• _EXERCISE DETAILS_: The reply should hold only the lines from the one with "Hans Wegner Easy" to the one with "Vibration Platform Machines", both ends kept, exactly as they appear below, without any pictures.

• _GIVEN RECORDS_:
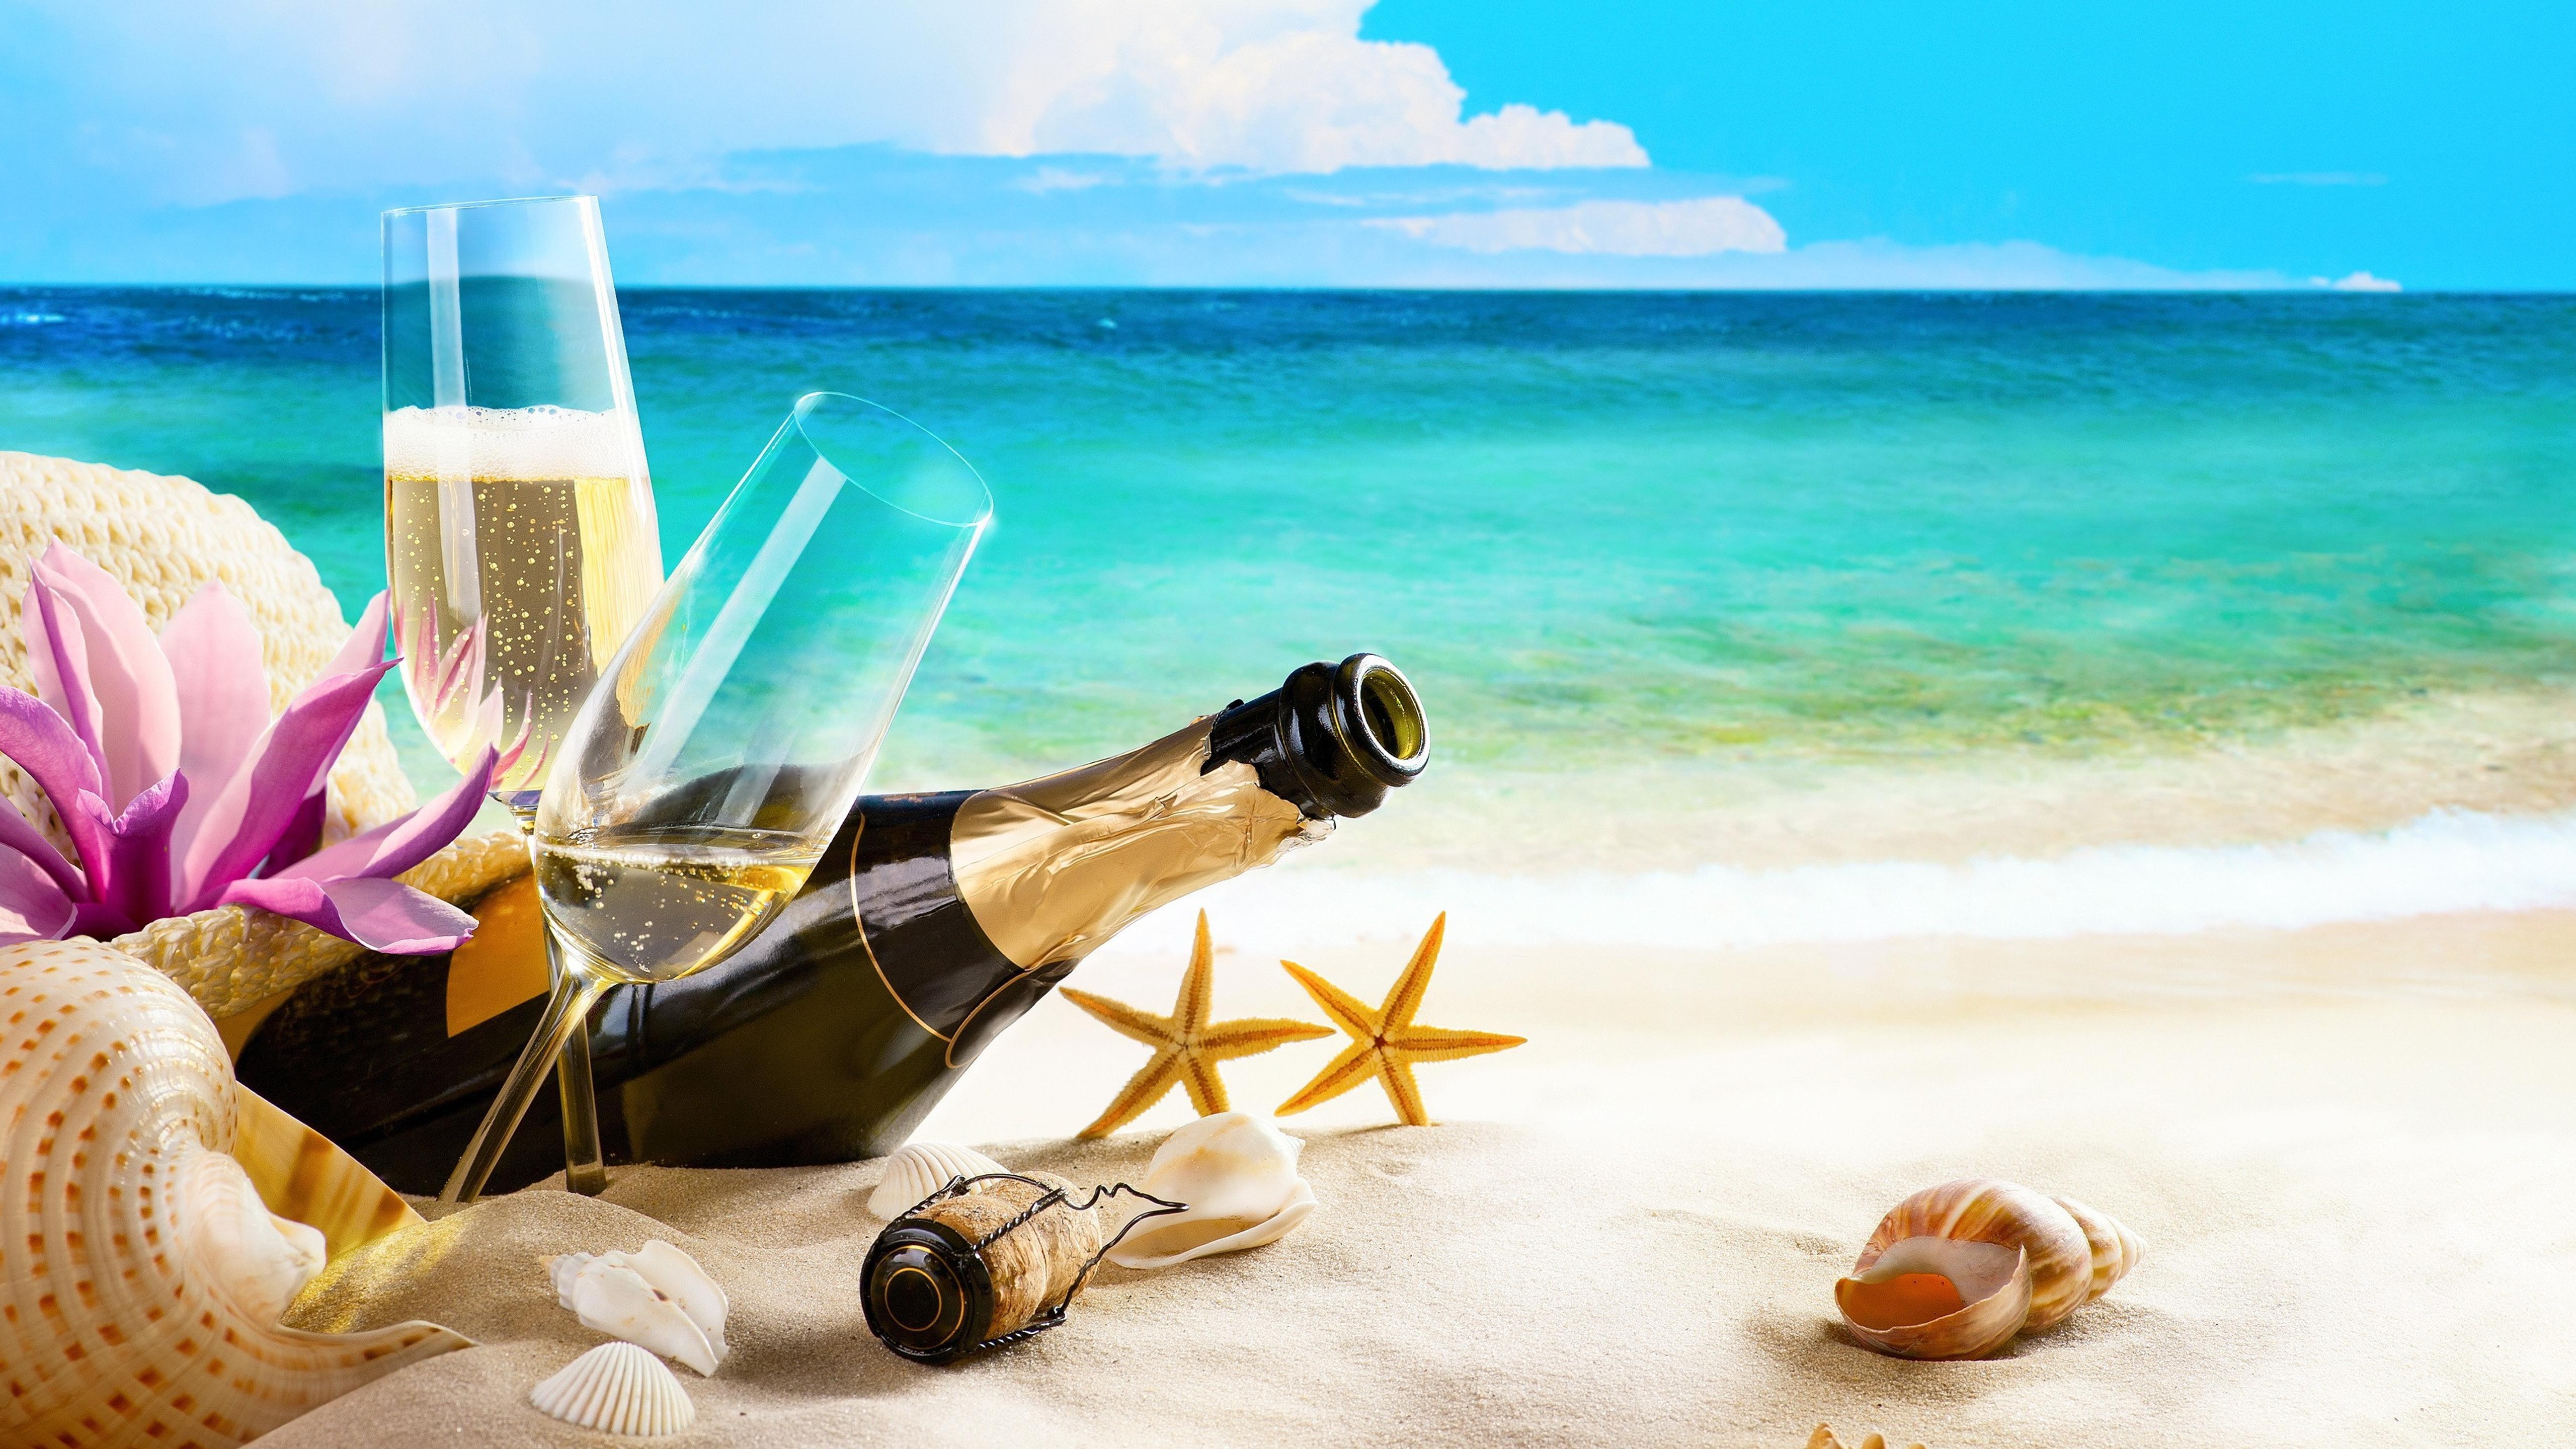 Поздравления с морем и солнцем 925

---

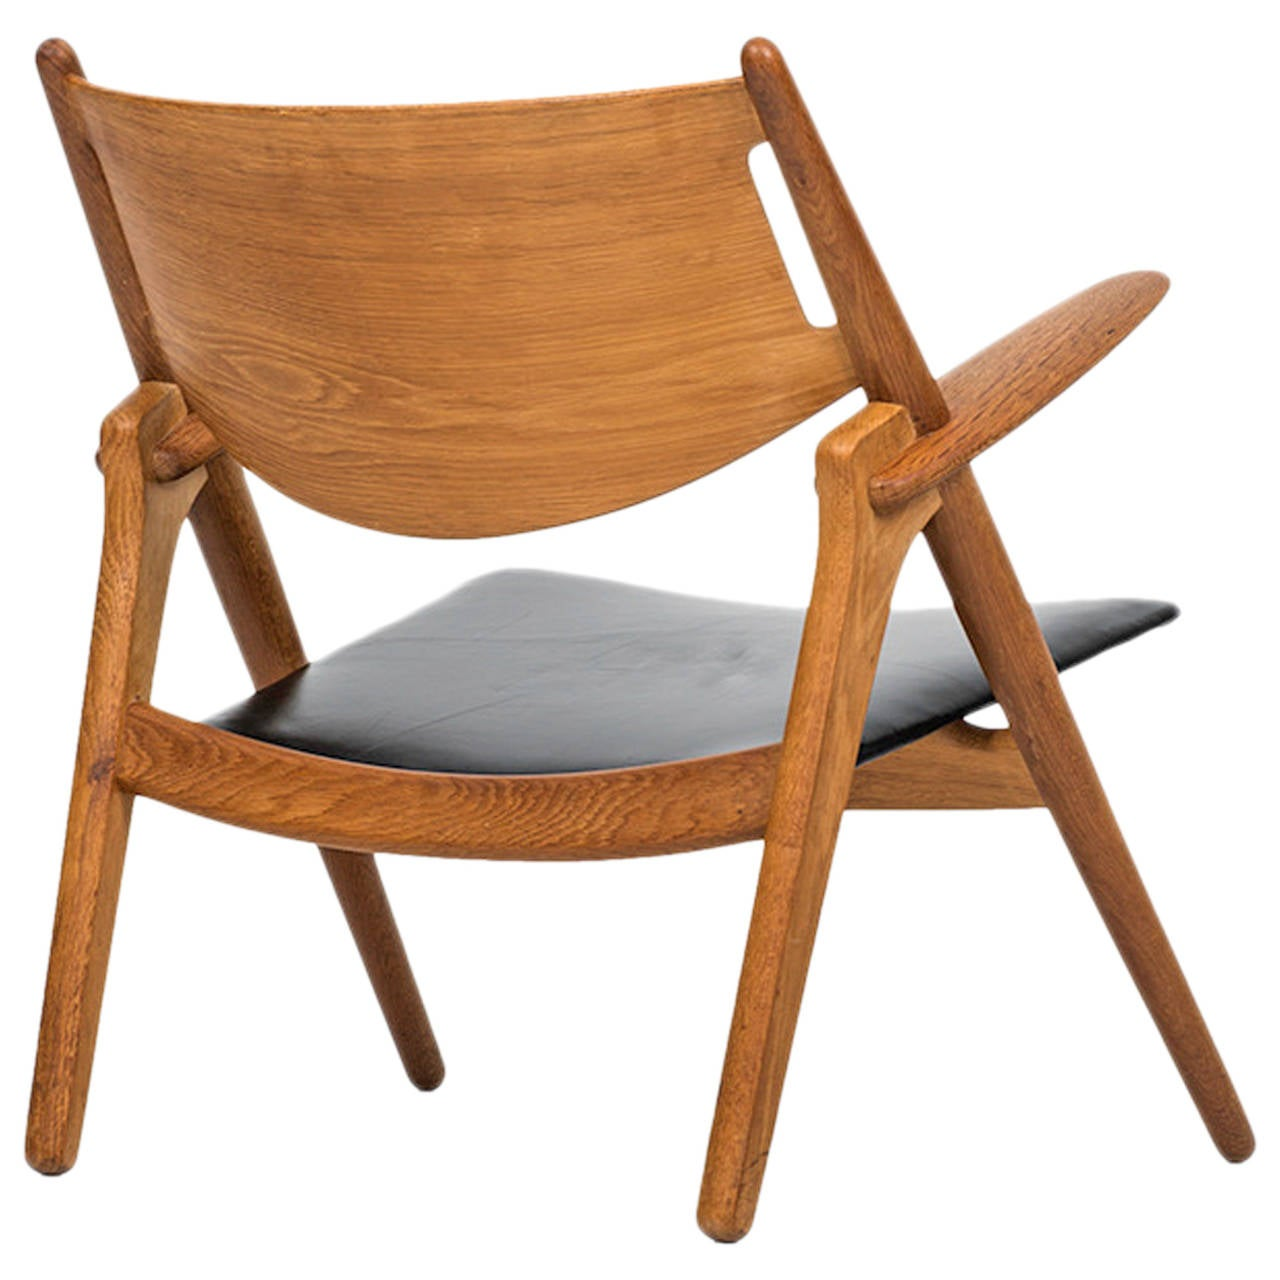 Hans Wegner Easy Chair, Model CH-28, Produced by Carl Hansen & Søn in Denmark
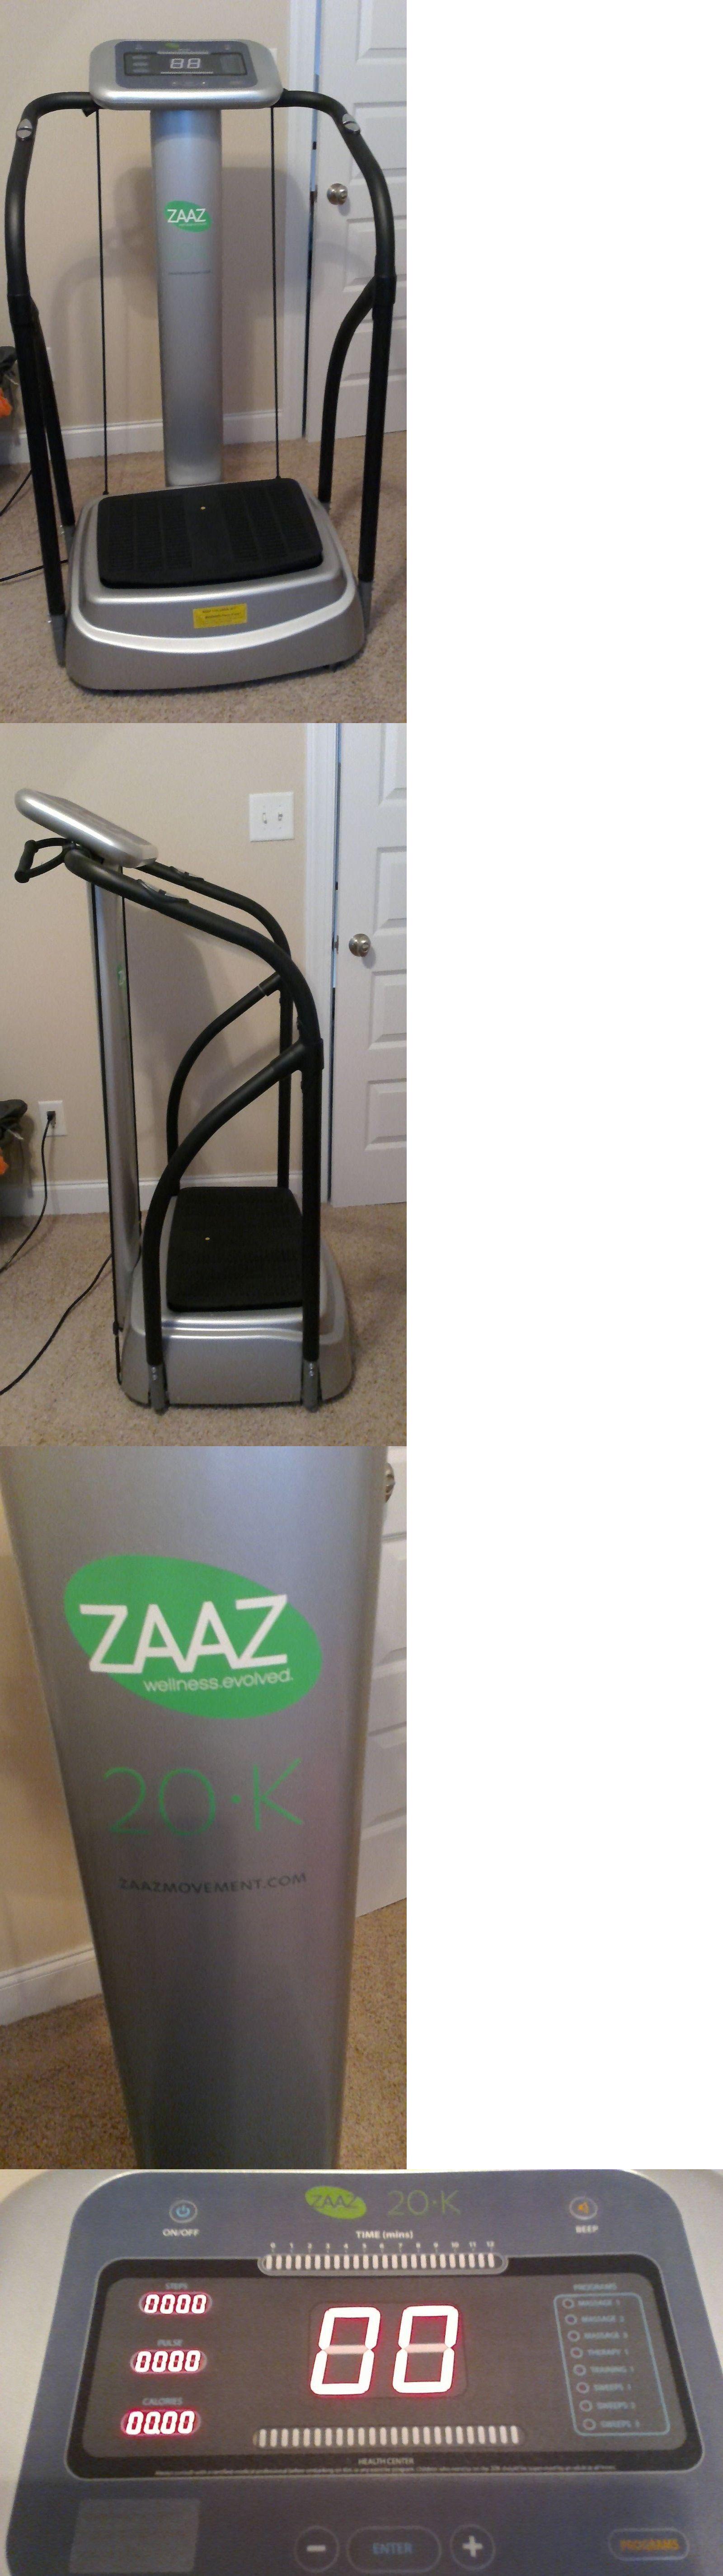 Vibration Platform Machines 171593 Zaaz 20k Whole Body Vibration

• _RESULT BELOW_:
 Hans Wegner Easy Chair, Model CH-28, Produced by Carl Hansen & Søn in Denmark
 Vibration Platform Machines 171593 Zaaz 20k Whole Body Vibration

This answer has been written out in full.